Diversification Opportunities for PACIFIC and TFI International

0.24
  Correlation Coefficient

Modest diversification

The 3 months correlation between PACIFIC and TFI is 0.24. Overlapping area represents the amount of risk that can be diversified away by holding PACIFIC GAS AND and TFI International in the same portfolio, assuming nothing else is changed. The correlation between historical prices or returns on TFI International and PACIFIC is a relative statistical measure of the degree to which these equity instruments tend to move together. The correlation coefficient measures the extent to which returns on PACIFIC GAS AND are associated (or correlated) with TFI International. Values of the correlation coefficient range from -1 to +1, where. The correlation of zero (0) is possible when the price movement of TFI International has no effect on the direction of PACIFIC i.e., PACIFIC and TFI International go up and down completely randomly.

Pair Corralation between PACIFIC and TFI International

Assuming the 90 days trading horizon PACIFIC is expected to generate 7.23 times less return on investment than TFI International. But when comparing it to its historical volatility, PACIFIC GAS AND is 8.12 times less risky than TFI International.

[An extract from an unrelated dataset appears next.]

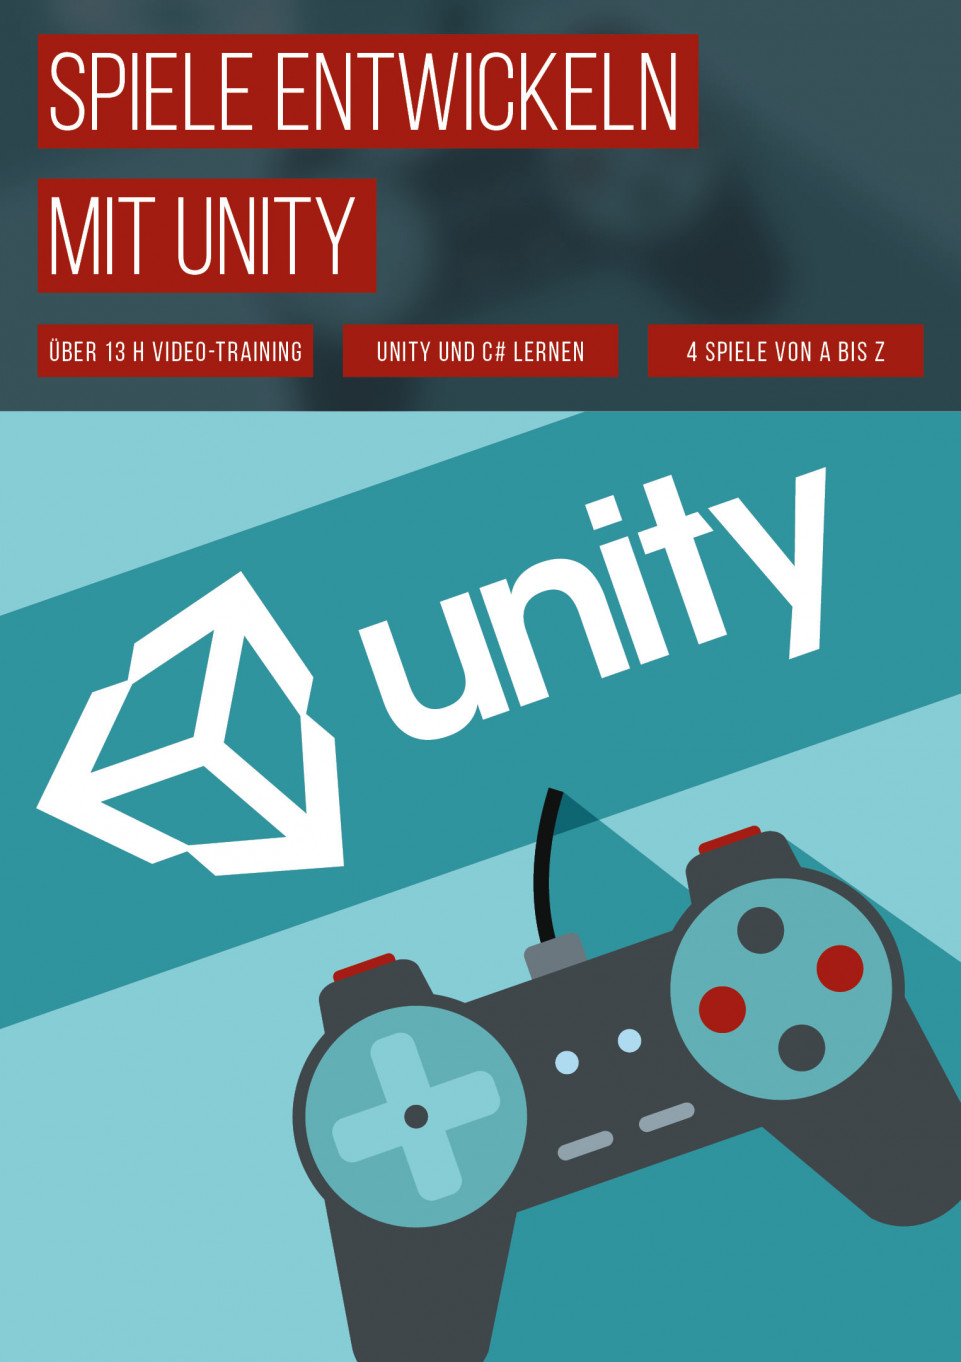 Spiele programmieren mit Unity – Tutorial (deutsch)

It trades about 0.04 of its potential returns per unit of risk. TFI International is currently generating about 0.04 of returns per unit of risk over similar time horizon. If you would invest  11,396  in TFI International on October 5, 2024 and sell it today you would earn a total of  1,779  from holding TFI International or generate 15.61% return on investment over 90 days.
Time Period3 Months [change]
DirectionMoves Together 
StrengthVery Weak
Accuracy99.25%
ValuesDaily Returns

PACIFIC GAS AND  vs.  TFI International

 Performance 
       Timeline  
PACIFIC GAS AND 

Risk-Adjusted Performance

0 of 100

 
Weak
 
Strong
Very Weak
Over the last 90 days PACIFIC GAS AND has generated negative risk-adjusted returns adding no value to investors with long positions. Despite somewhat strong basic indicators, PACIFIC is not utilizing all of its potentials. The newest stock price disturbance, may contribute to short-term losses for the investors.
TFI International 

Risk-Adjusted Performance

0 of 100

 
Weak
 
Strong
Very Weak
Over the last 90 days TFI International has generated negative risk-adjusted returns adding no value to investors with long positions. Despite fairly strong forward indicators, TFI International is not utilizing all of its potentials. The latest stock price confusion, may contribute to short-horizon losses for the traders.

PACIFIC and TFI International Volatility Contrast

   Predicted Return Density   
       Returns  

Pair Trading with PACIFIC and TFI International

The main advantage of trading using opposite PACIFIC and TFI International positions is that it hedges away some unsystematic risk. Because of two separate transactions, even if PACIFIC position performs unexpectedly, TFI International can make up some of the losses. Pair trading also minimizes risk from directional movements in the market. For example, if an entire industry or sector drops because of unexpected headlines, the short position in TFI International will offset losses from the drop in TFI International's long position.
The idea behind PACIFIC GAS AND and TFI International pairs trading is to make the combined position market-neutral, meaning the overall market's direction will not affect its win or loss (or potential downside or upside). This can be achieved by designing a pairs trade with two highly correlated stocks or equities that operate in a similar space or sector, making it possible to obtain profits through simple and relatively low-risk investment.
Check out your portfolio center.
Note that this page's information should be used as a complementary analysis to find the right mix of equity instruments to add to your existing portfolios or create a brand new portfolio. You can also try the Price Exposure Probability module to analyze equity upside and downside potential for a given time horizon across multiple markets.